Dutzende staatliche Unternehmen in Rumänien verzeichnen historische Verluste in Höhe von insgesamt rund 14 Milliarden Lei (etwa 2,7 Milliarden Euro). Das geht aus Daten hervor, die die stellvertretende Ministerpräsidentin Oana Gheorghiu am Donnerstag vorgestellt hat. Sie kündigte an, in der kommenden Woche der Regierung ein Pilotprojekt zur Sanierung von 22 staatlichen Unternehmen vorzulegen. Während einige Unternehmen wegen ihrer strategischen Bedeutung unterstützt werden müssten, seien andere umzustrukturieren oder zu reformieren, und wieder andere zu schließen, so die Vize-Premierministerin.

 

Rumänien hat in Washington Gespräche mit Vertretern des Pharmakonzerns Pfizer aufgenommen, um Schulden in Höhe von mehr als 600 Millionen Euro in eine Lieferung innovativer Medikamente umzuwandeln. Gesundheitsminister Alexandru Rogobete und Finanzminister Alexandru Nazare erklärten, Ziel sei es, die Situation in einen Vorteil für Patienten zu verwandeln. Vorgeschlagen wird, die Verbindlichkeiten in moderne Therapien umzuwandeln, insbesondere für Krebspatienten und Menschen mit seltenen Erkrankungen. Pfizer soll nun den technischen Rahmen für weitere Verhandlungen prüfen. Anfang des Monats hatte Rumänien vor Gericht einen Rechtsstreit mit Pfizer verloren, nachdem die Regierung die Bezahlung von über 20 Millionen vorbestellten COVID-19-Impfdosen verweigert hatte.

 

Die jährliche Inflationsrate in der Europäischen Union ist im März auf 2,8 Prozent gestiegen, nach 2,1 Prozent im Februar. Rumänien bleibt laut Angaben des EU-Statistikamts Eurostat das Land mit der höchsten Inflationsrate. Nach Daten des Nationalen Statistikamts lag die Jahresinflation in Rumänien im März bei 9,87 Prozent. Verteuert haben sich Dienstleistungen sowie Nahrungsmittel und Non-Food-Produkte. Auch Grundnahrungsmittel wie Brot, Milch, Eier und Fleisch wurden trotz gedeckelter Handelsspannen teurer.

 

 In Rumänien gilt am Freitag und Samstag eine Unwetterwarnung der Stufe Gelb für den Süden, Osten, die Landesmitte und den Südosten des Landes.

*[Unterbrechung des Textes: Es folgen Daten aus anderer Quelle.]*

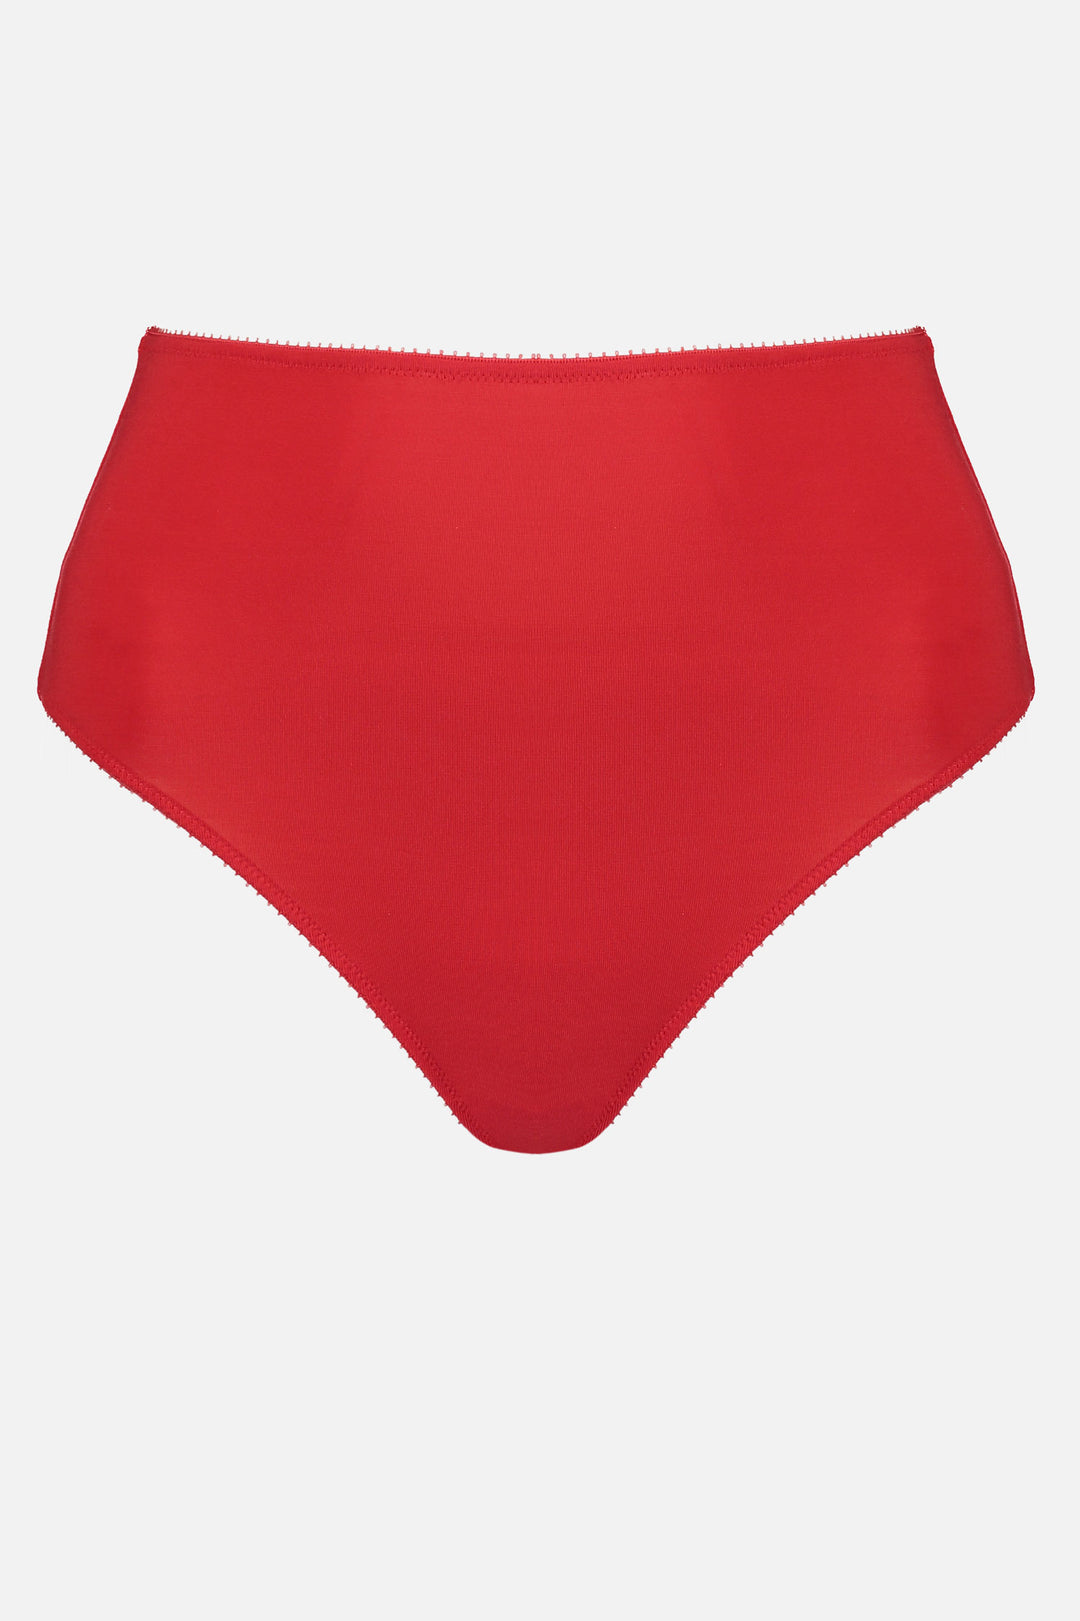 Videris Lingerie high waist knicker in red TENCEL™ cut to follow the natural curve of your hips

Erwartet werden Schauer, Gewitter sowie Windböen mit einer Geschwindigkeit von 50 bis 55 Stundenkilometern. Am Samstag tritt eine weitere gelbe Warnung wegen auffrischenden Winds in Kraft, vor allem im Osten sowie im Südosten und Süden. Die Höchsttemperaturen liegen zwischen 12 und 22 Grad. In Bukarest wurden am frühen Nachmittag 21 Grad bei strahlendem Sonnenschein gemessen.